The IC50 values of HA against RBE and HuccT1 cells were 4.612 μM and 10.01 μM for 24 h, as determined through the CCK8 assay. Our results confirmed that HA significantly repressed the proliferation, migration, invasion, and promoted the apoptosis of ICC cells at low concentrations. Moreover, HA exerted its anti-cancer effects through multi-target inhibition of the PI3K-AKT-mTOR, MAPK, and STAT3 signaling pathways. This inhibitory effect was rescued by Recilisib, an activator of the PI3K-AKT-mTOR pathway. Bioinformatics analysis of a multi-center RNA-Seq cohort (n = 90) demonstrated significant associations between these target pathways and the occurrence and poor prognosis of ICC. Animal studies suggested that HA strongly inhibited tumor growth in xenograft ICC models, and repressed the tumor number and size in the liver of primary ICC models by suppressing these three crucial pathways.
HA, a novel natural small molecule, demonstrated promising therapeutic efficacy against ICC through its multi-target inhibitory effects on the PI3K-AKT-mTOR, MAPK, and STAT3 signaling pathways. Moreover, it exhibited notable therapeutic benefits in a primary ICC model (KRAS/P19/SB), positioning it as a novel therapeutic agent for ICC.

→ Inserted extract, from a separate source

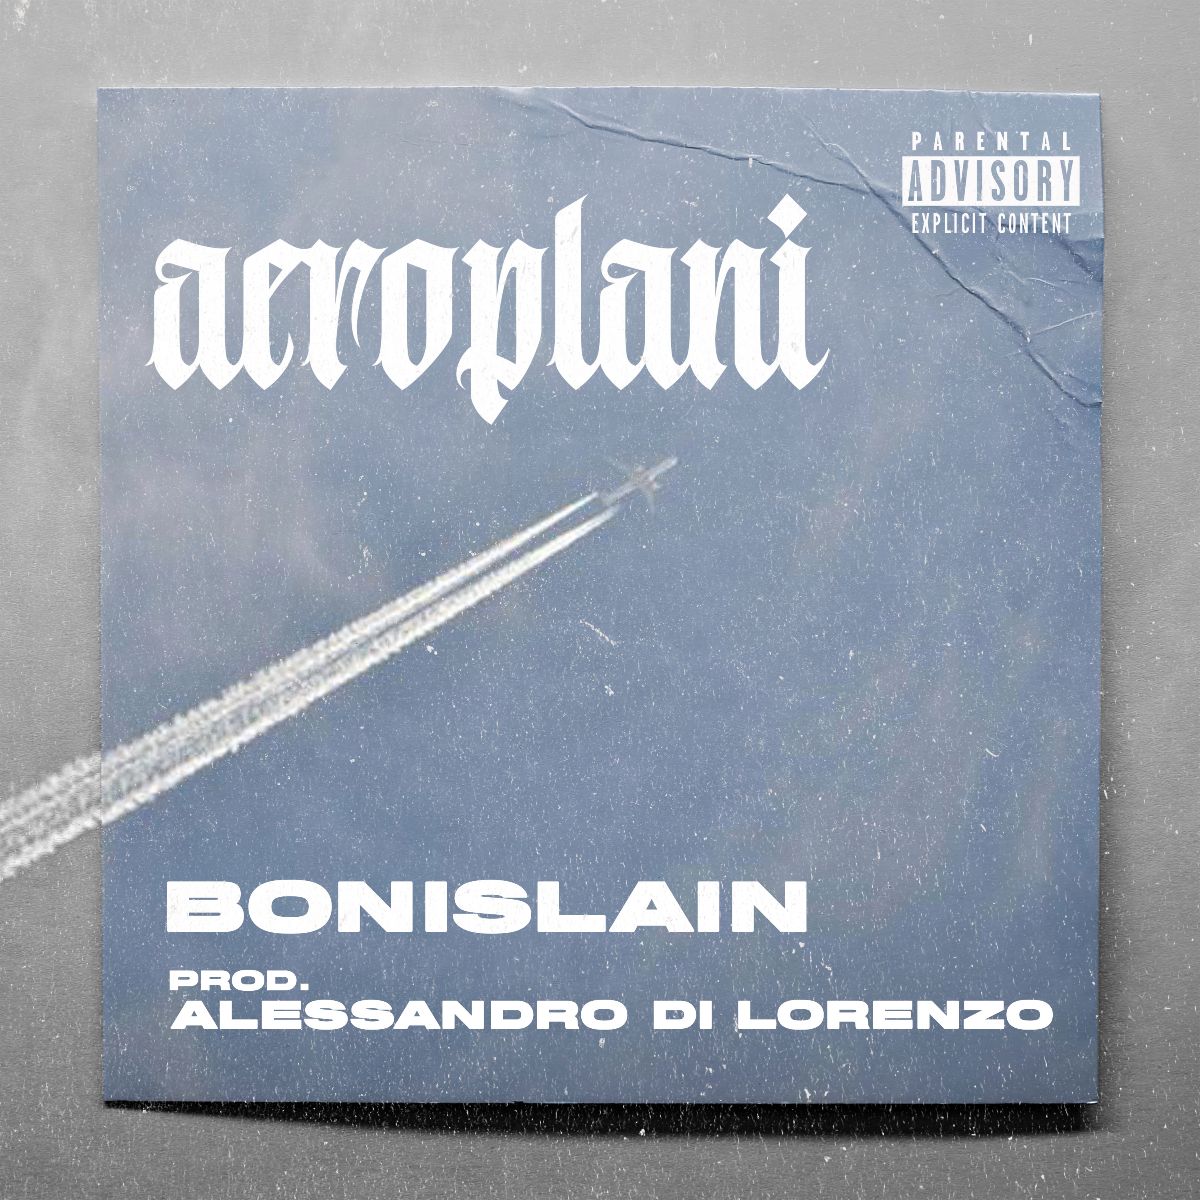 Bonislain, “Aeroplani”, l’amore vince sugli errori del passato nel nuovo singolo dell’artista siciliano
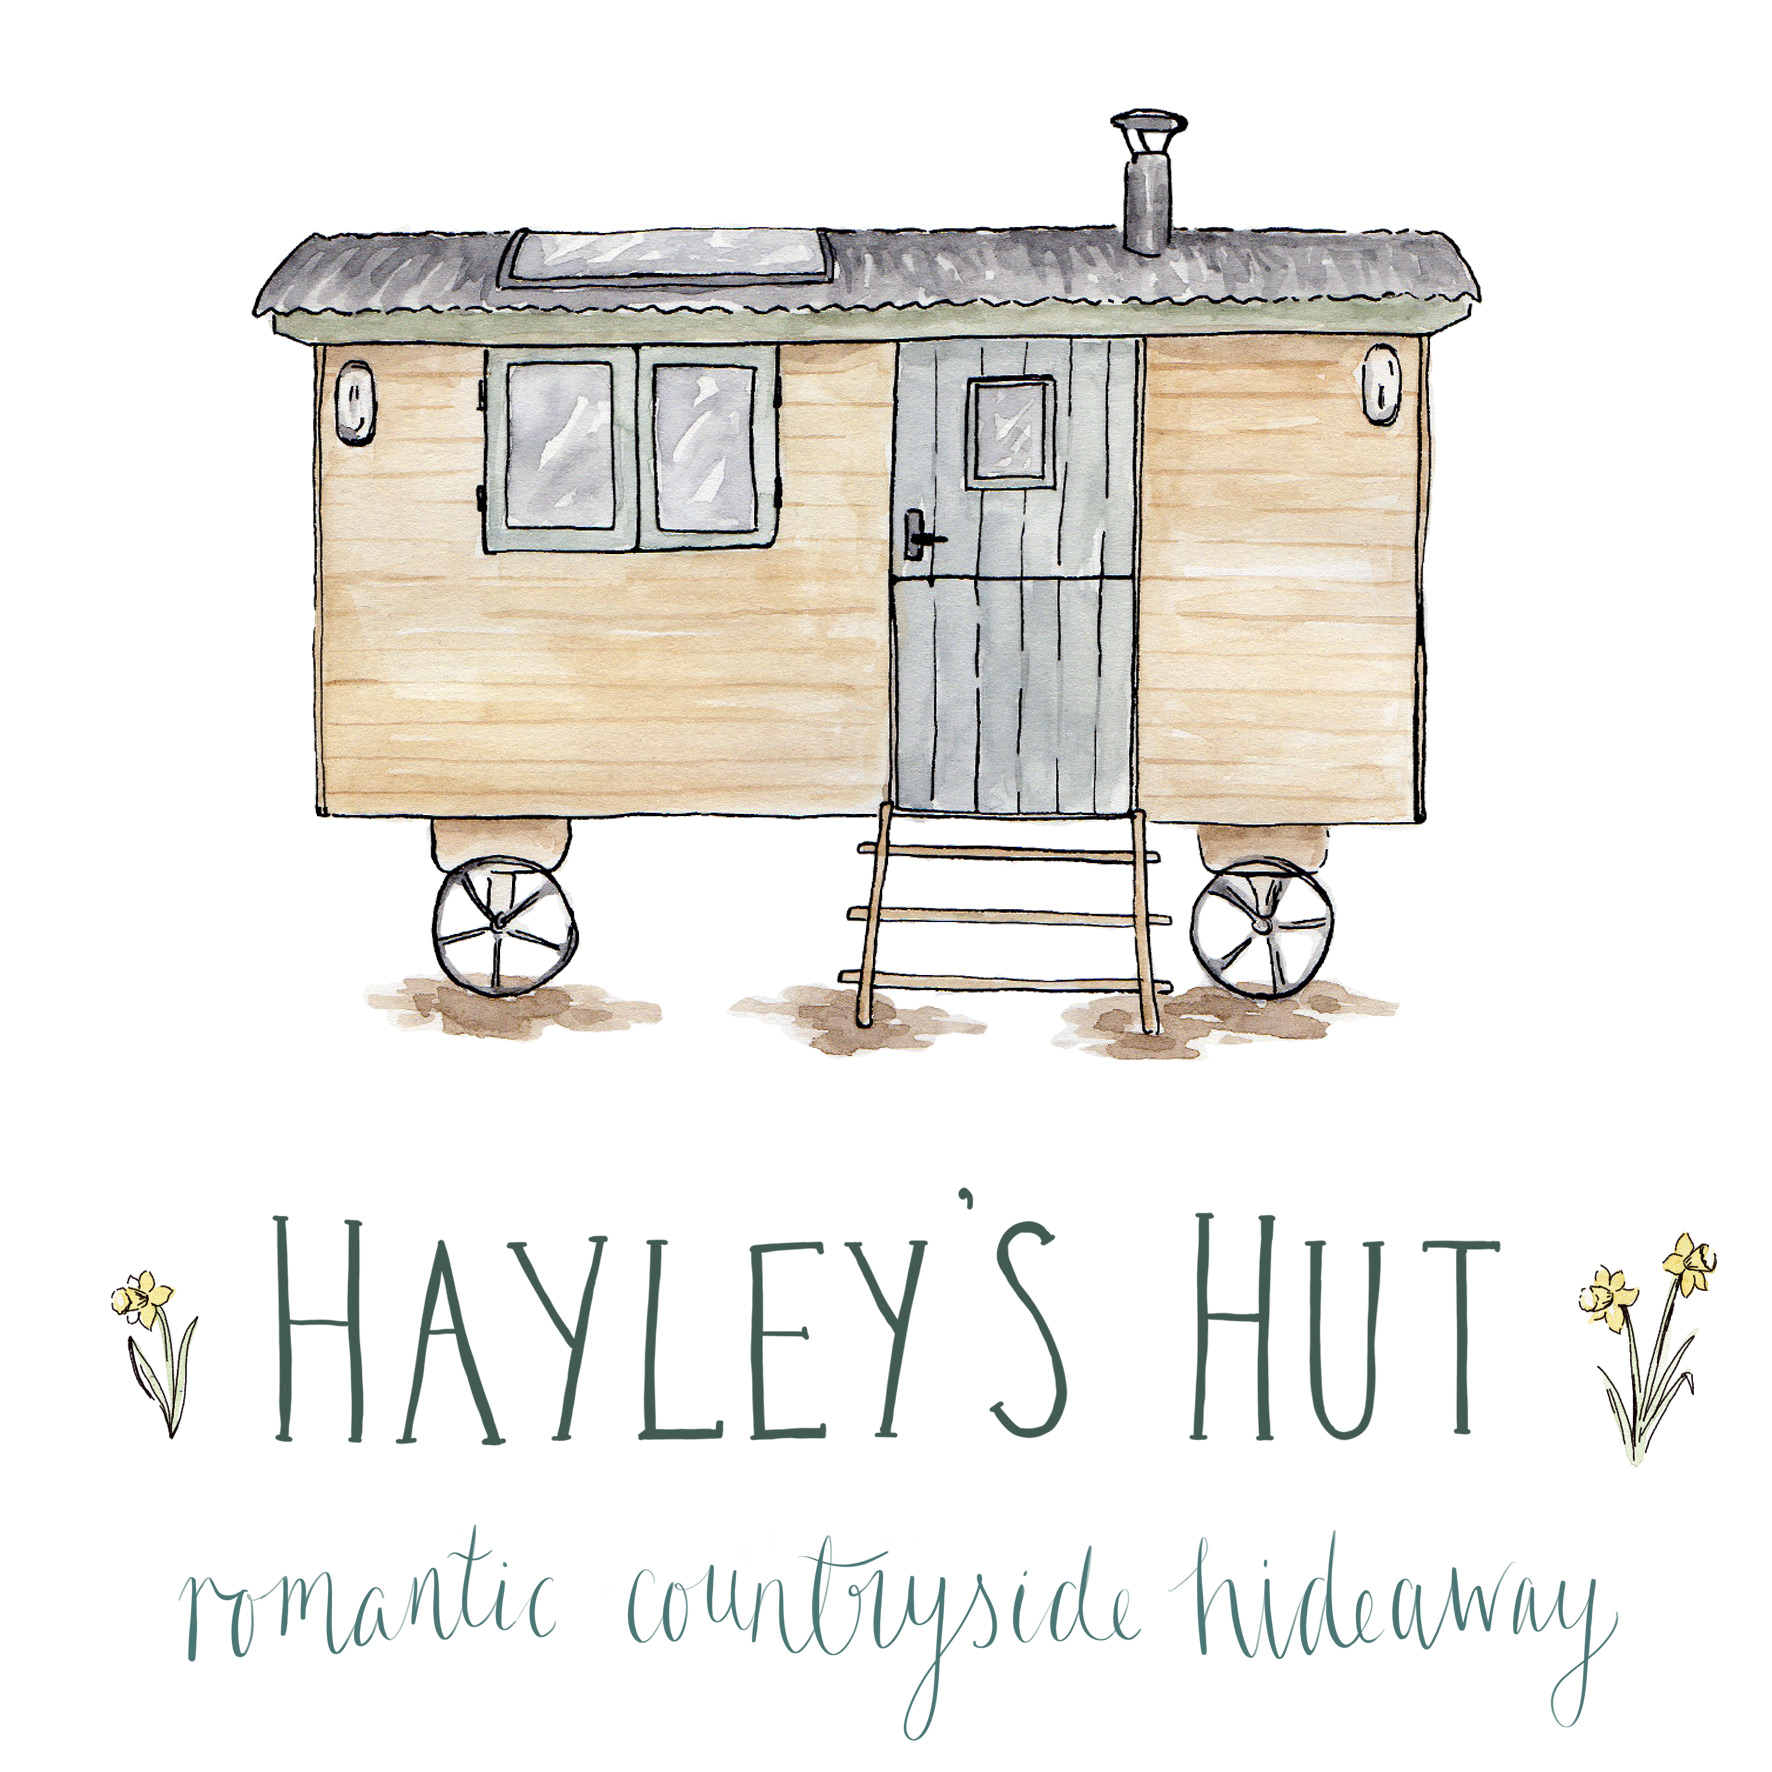 www.hayleys-hut.co.uk

肝内胆管癌(ICC)是一种侵袭性和高度致命的癌症,全球发病率不断上升,但缺乏有效的治疗方案。竹红菌甲素(HA)是一种从大青属中分离得到的天然小分子化合物,具有多种生物医学活性,包括抗肿瘤活性。
研究 HA 对 ICC 的治疗作用及其潜在机制。
采用 RBE 和 HuccT1 细胞系进行体外实验。通过 CCK8 检测、集落形成分析、RTCA 和 Ki67 免疫荧光染色评估 HA 对增殖的抑制作用。通过 Transwell 和划痕愈合实验评估 HA 对细胞迁移和侵袭的抑制作用,通过 Hoechst 33258 染色评估细胞凋亡。此外,我们进行了转录组测序和分子对接以确定靶点,并通过免疫印迹和关键分子的免疫荧光验证。建立 HuccT1 异种移植瘤和经尾静脉注射建立的原发性 ICC 模型(KRAS/P19/SB),进行了两项体内实验。多指标免疫组化(mIHC)用于说明 HA 的多靶点抑制作用。
CCK8 检测结果显示,HA 对 RBE 和 HuccT1 细胞的 IC50 值分别为 24 h 时的 4.612 μM 和 10.01 μM。结果证实,HA 以低浓度显著抑制 ICC 细胞的增殖、迁移和侵袭,并促进细胞凋亡。此外,HA 通过多靶点抑制 PI3K-AKT-mTOR、MAPK 和 STAT3 信号通路发挥抗癌作用。这种抑制作用可被 PI3K-AKT-mTOR 通路激活剂 Recilisib 挽救。对多中心 RNA-Seq 队列(n=90)的生物信息学分析表明,这些靶通路与 ICC 的发生和不良预后显著相关。动物研究表明,HA 强烈抑制异种移植 ICC 模型中的肿瘤生长,并通过抑制这三个关键通路抑制原发性 ICC 模型中的肿瘤数量和大小。
竹红菌甲素(HA)是一种新型天然小分子,通过多靶点抑制 PI3K-AKT-mTOR、MAPK 和 STAT3 信号通路,对 ICC 具有有前景的治疗效果。此外,它在原发性 ICC 模型(KRAS/P19/SB)中表现出显著的治疗益处,是一种新型的 ICC 治疗药物。